Do surge rates only happen when there is a big event in town or is it always when there are less drivers than riders. I like working from 8 pm to 4 am. Will i get surges at 2 am just because there are less people that want to drive at that time. also, does uber send u a notification on your smartphone that the surge is on.


----------



## UBERxGc (Feb 8, 2015)

It's basically a ratio of riders online to drivers online. At least, that's how i understand it.

No notification. But you can use the rider app to check the surge. If every driver goes online on the driver app only to check surges, it makes surges less likely to occur.


----------



## Casuale Haberdasher (Dec 7, 2014)

evboy said:


> Do surge rates only happen when there is a big event in town or is it always when there are less drivers than riders. I like working from 8 pm to 4 am. Will i get surges at 2 am just because there are less people that want to drive at that time. also, does uber send u a notification on your smartphone that the surge is on.


POST # 1 /@evboy : Befuddled Bison won-
ders WHEN
You plan on #[F]Ubering in Las Vegas?
Isn't the Silver State "Dark Territory"?


----------



## Jim Campbell (Mar 27, 2015)

What Surge? Driving in downtown Chicago during the rush last evening I was pinged three times in a 1.5 red area on the map. Looked on the website later and not a nickel of Surge pay. Whats up with that?


----------



## Casandria (Dec 20, 2014)

Unless the ping shows it is a surge fare, then it isn't. I've had pings from areas that are surging that somehow manage to escape the surge so unless surge is reflected in the ping, it isn't guaranteed.

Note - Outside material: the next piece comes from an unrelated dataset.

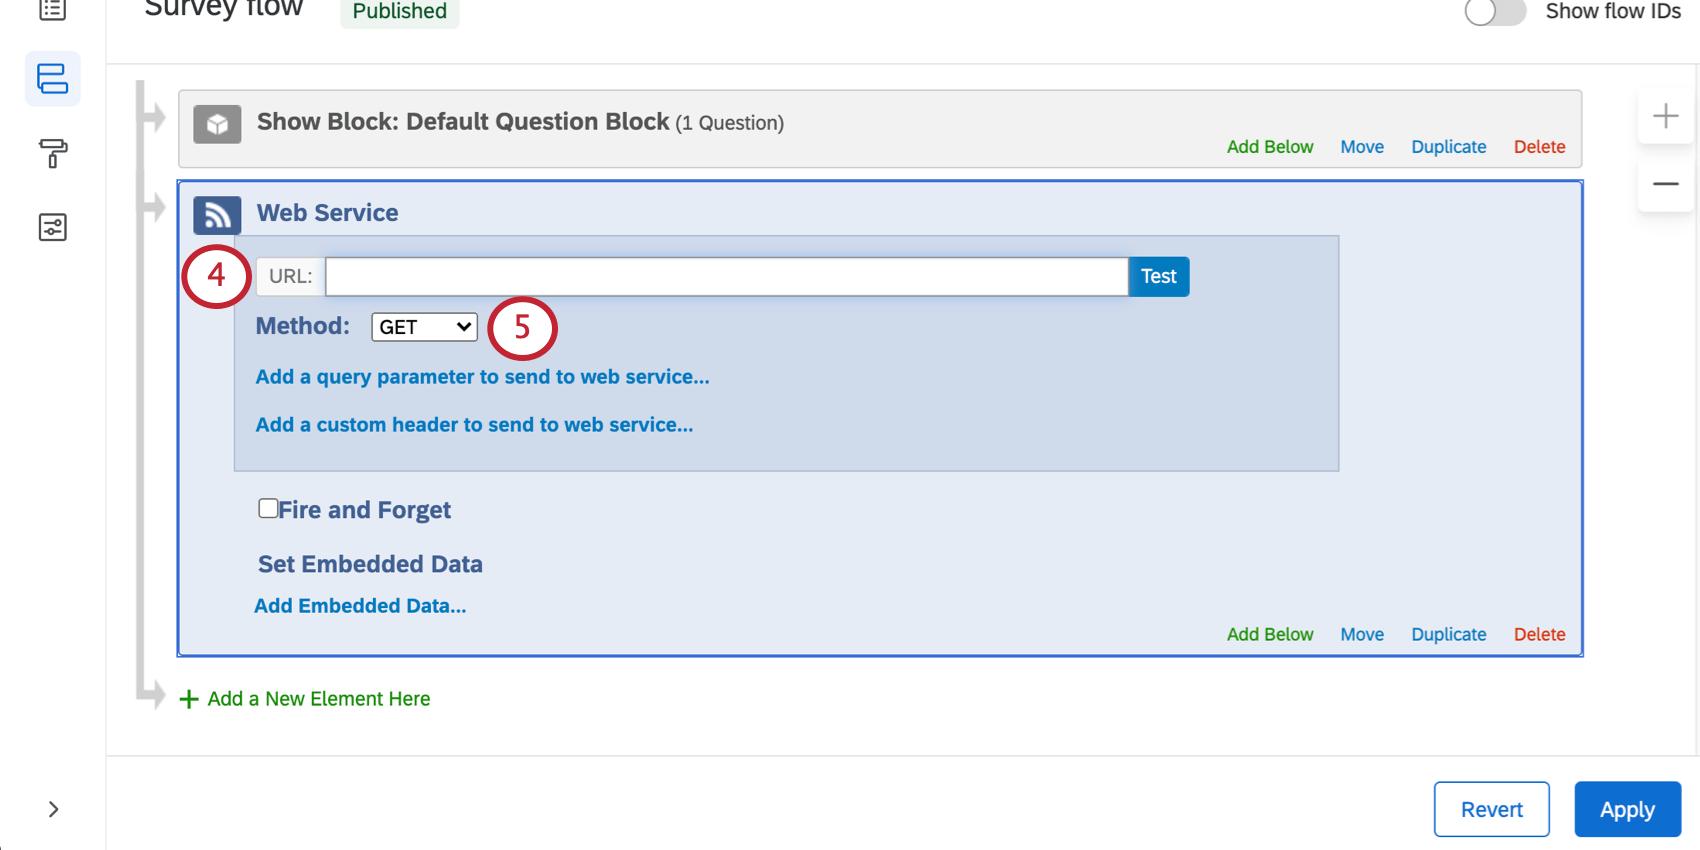 Field for URL in a web service followed by method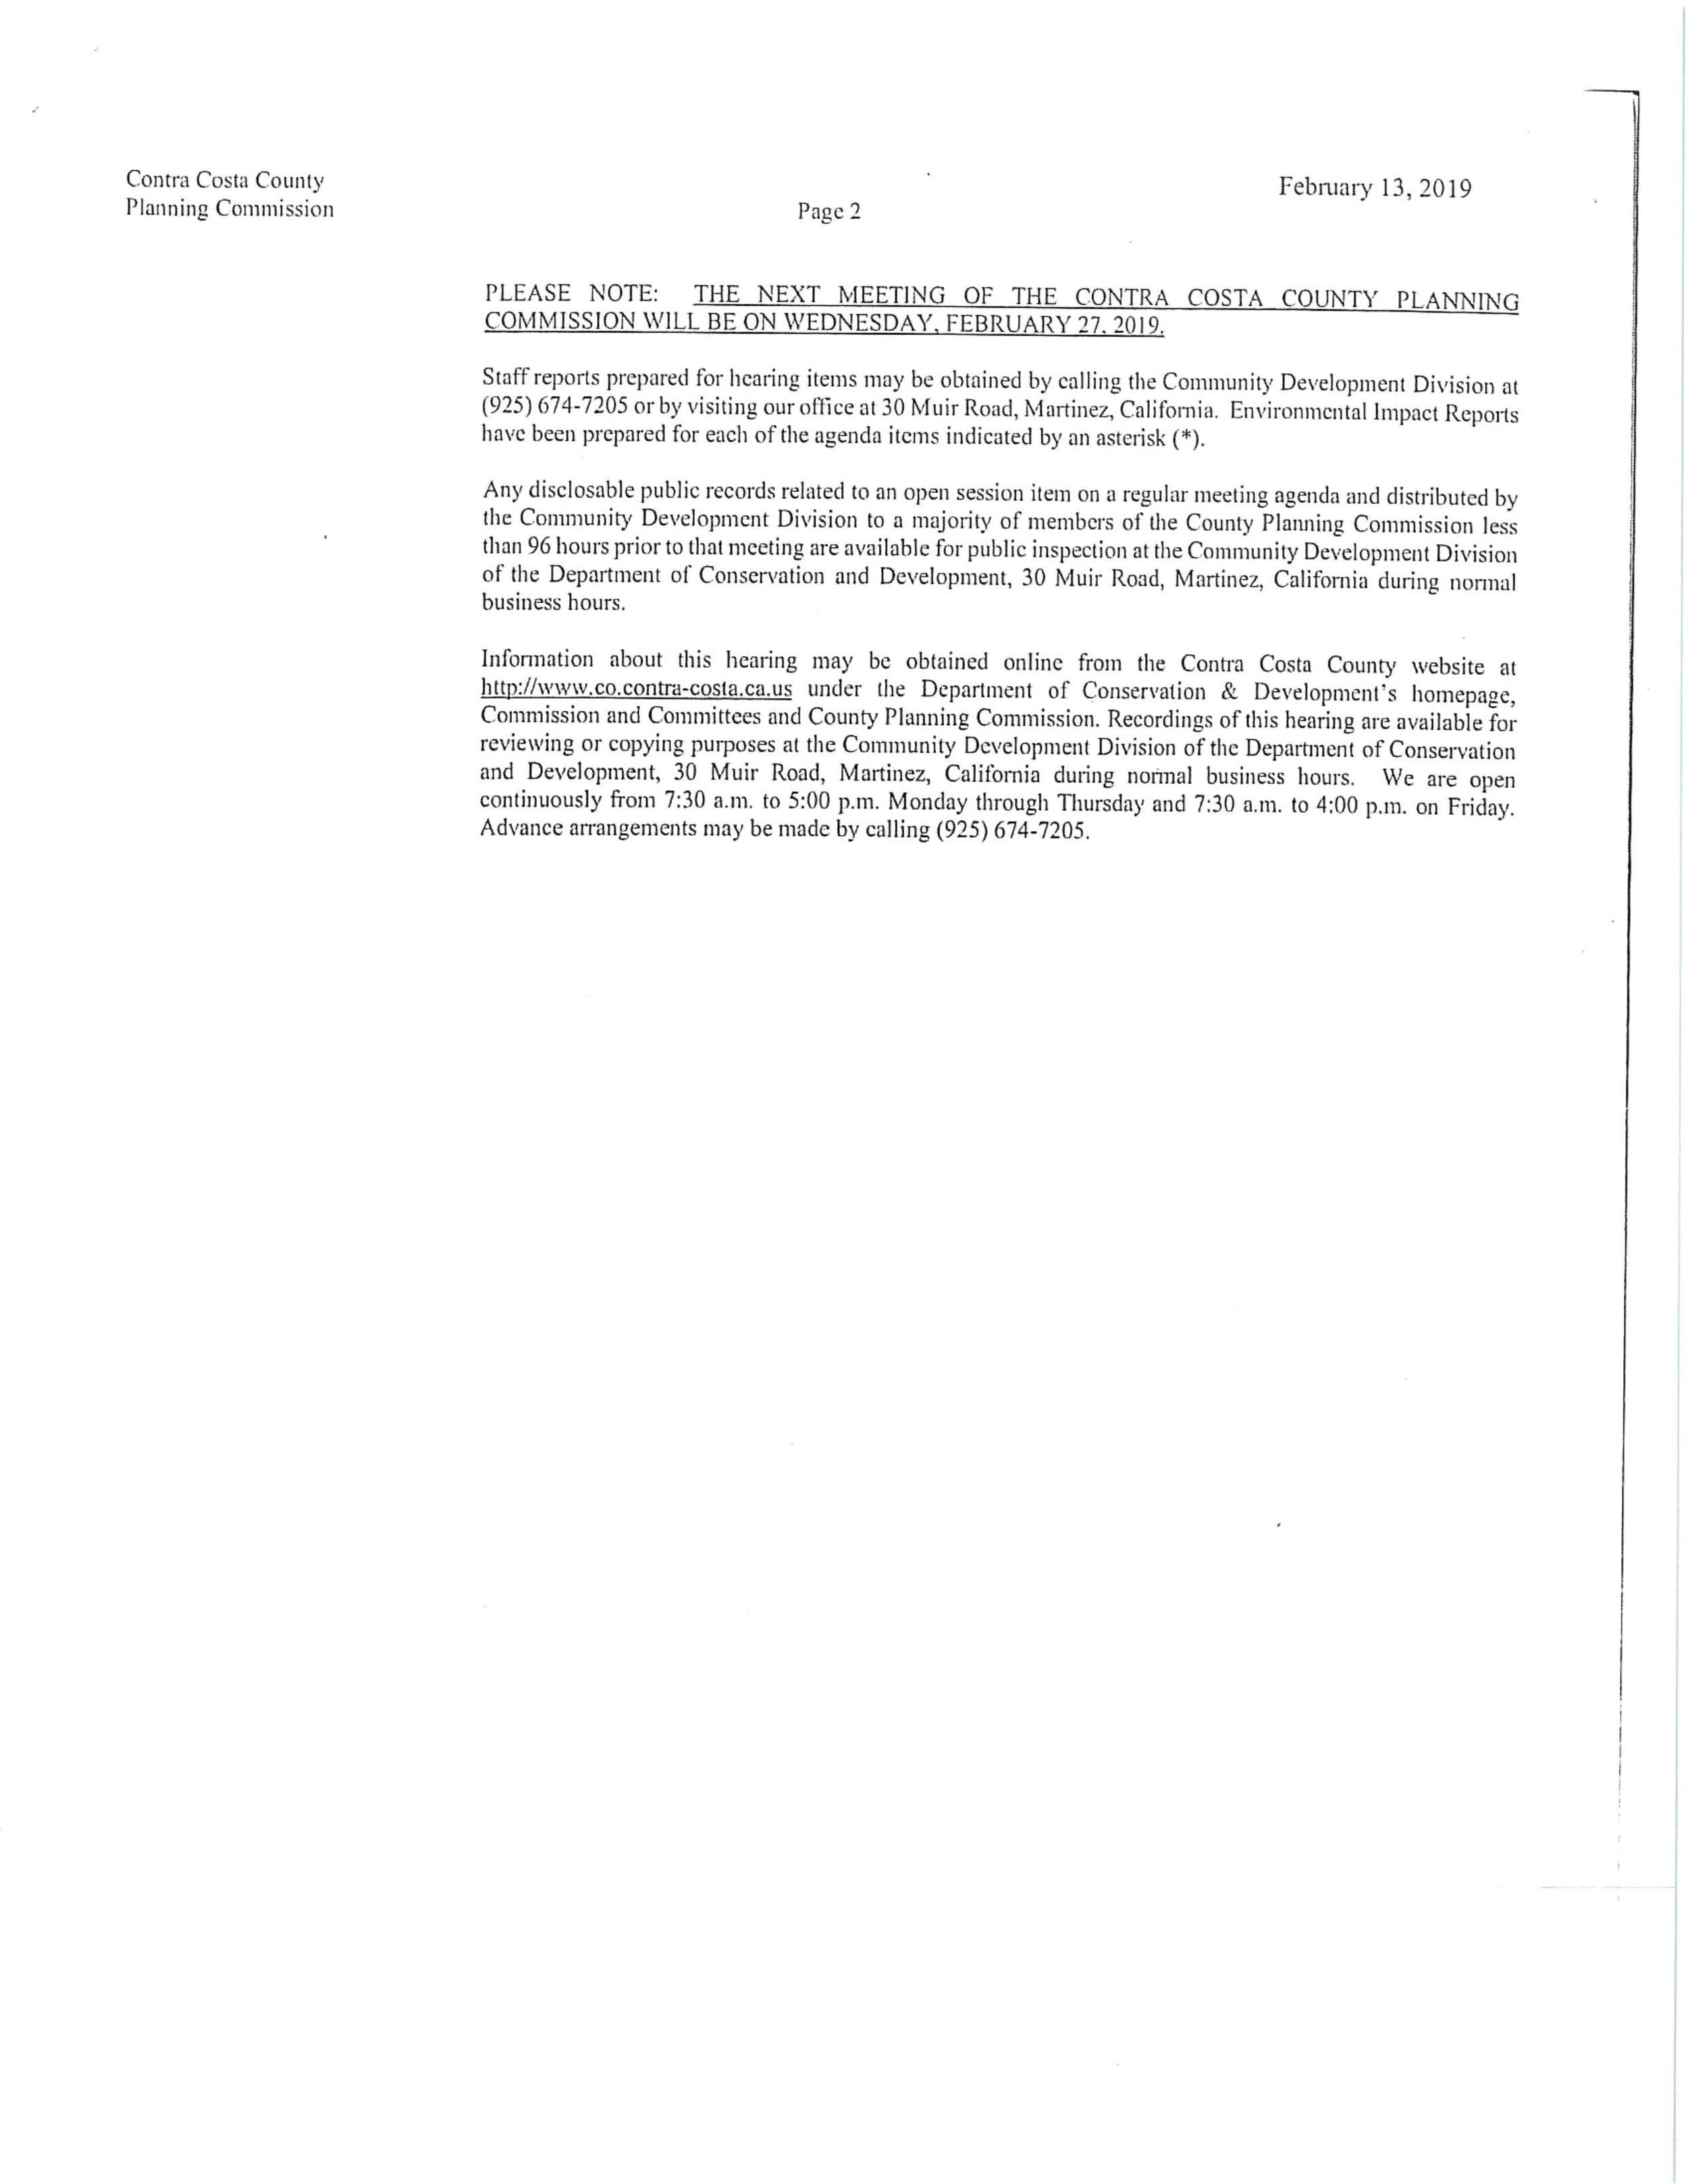 ESMAC Agenda 2.13.2019b_45.jpg

As for how surge works, I think it's ratio of riders looking at the app vs number of drivers in the area. We all know how quickly surge can disappear and that you can drive right through a surge area and not get a single ping so it can't just be riders requesting, they have to be just looking at the app and thinking about requesting and then of course, many will wait for the surge to end and then request. Sigh.


----------



## Jim Campbell (Mar 27, 2015)

Thanks Casandria, I didn't know the surge would show up in the ping before I even accept the ride.


----------